Overview

Docker Model Runner

Docker Model Runner is a new experimental feature introduced in Docker Desktop for Mac 4.40+.
It provides a Docker-native experience for running Large Language Models (LLMs) locally, seamlessly integrating with existing container tooling and workflows.
The feature is specifically optimized to utilize Apple Silicon Mac's GPU resources for efficient model inference as of now.

What problem does it solve?

With the Model Runner feature, Docker provides inference capabilities to developers on their laptop, and in the future in CI, allowing them to run LLM models locally. This is an important feature to help developing GenAI applications. The runner essentially provides GPU-accelerated inference engines that are accessible both through the Docker socket (/var/run/docker.sock) and via a TCP connection at model-runner.docker.internal:80.

New `docker model` CLI

Docker Desktop 4.40+ introduces docker model CLI as the first class-citizen.
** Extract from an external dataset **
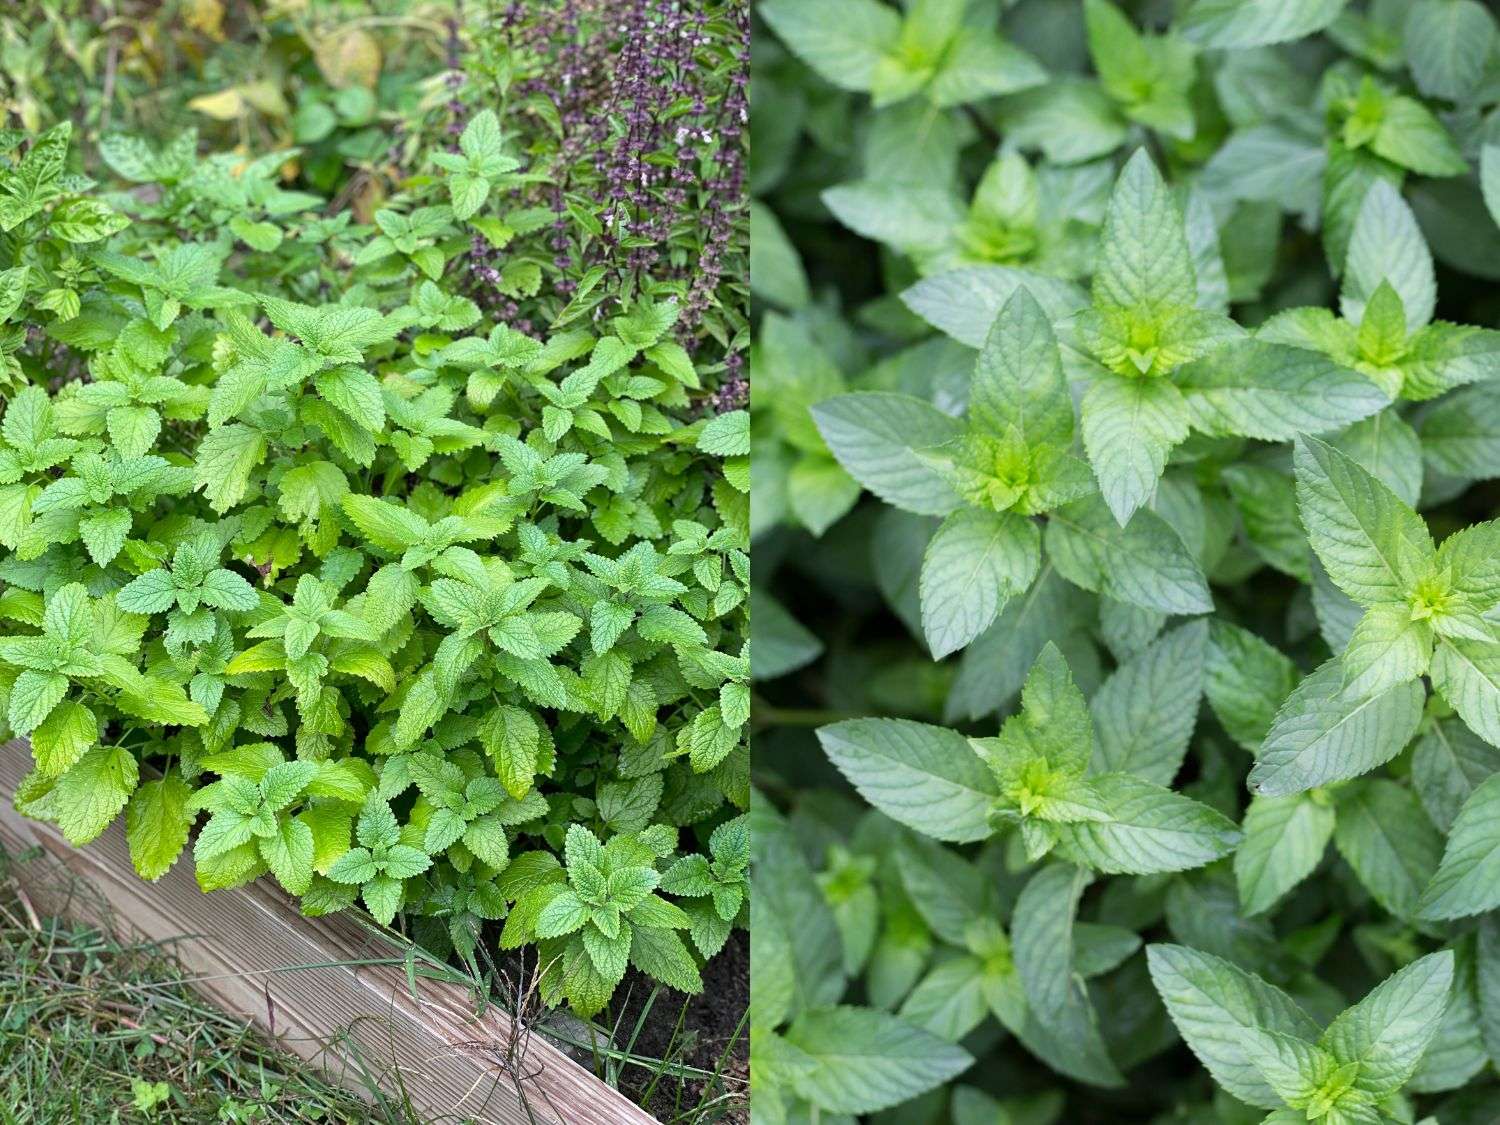 A side by side comparison photo of lemon balm vs mint in the garden

This means AI models are now treated as fundamental, well-supported objects within the Docker CLI, similar to how Docker already treats containers, images, and volumes.

docker model --help
Usage:  docker model COMMAND

Docker Model Runner

Commands:
  inspect     Display detailed information on one model
  list        List the available models that can be run with the Docker Model Runner
  pull        Download a model
  rm          Remove a model downloaded from Docker Hub
  run         Run a model with the Docker Model Runner
  status      Check if the Docker Model Runner is running
  version     Show the Docker Model Runner version

Run 'docker model COMMAND --help' for more information on a command.

By using this new CLI, developers can:

Pull models from registries (e,g Docker Hub)
Run models locally with GPU acceleration
Integrate models into their development workflows
Test GenAI applications during development without relying on external APIs

This capability is particularly valuable for developing and testing GenAI applications locally before deployment, allowing for faster iteration cycles and reduced dependency on cloud services during development.
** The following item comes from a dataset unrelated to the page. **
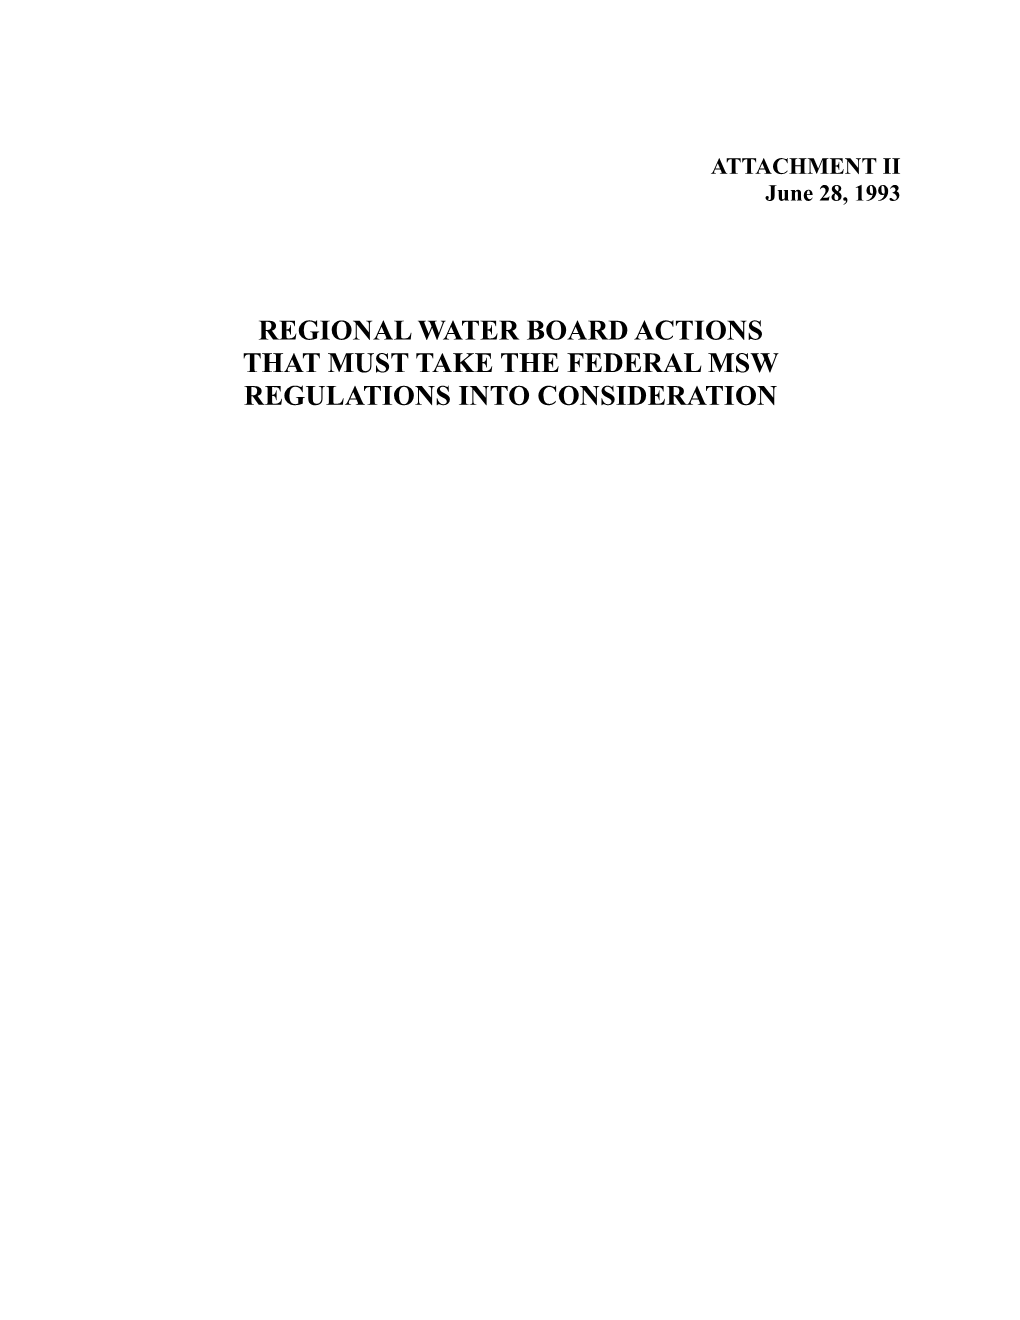 Regional Water Board Actions

Architecture of Docker Model Runner

modelrunner

With Docker Model Runner, the AI model DOES NOT run in a container. Instead, Docker Model Runner uses a host-installed inference server (llama.cpp for now) that runs natively on your Mac rather than containerizing the model. We do plan to support additional inference (i.e MLX) in future releases.

1. Host-level process:

Docker Desktop runs llama.cpp directly on your host machine This allows direct access to the hardware GPU acceleration on Apple Silicon

2. GPU acceleration:

By running directly on the host, the inference server can access Apple's Metal API This provides direct GPU acceleration without the overhead of containerization You can see the GPU usage in Activity Monitor when queries are being processed

3. Model Loading Process:

When you run docker model pull, the model files are downloaded from the Docker Hub These models are cached locally on the host machine's storage Models are dynamically loaded into memory by llama.cpp when needed

Note: Unlike traditional Docker containers that package large AI models with > the model runtime (which results in slow deployment), Model Runner separates > the model from the runtime, allowing for faster deployment.

Model Runner enables local LLM execution. It runs large language models (LLMs) directly on your machine rather than sending data to external API services. This means your data never leaves your infrastructure. All you need > to do is pull the model from Docker Hub and start integrating it with your application.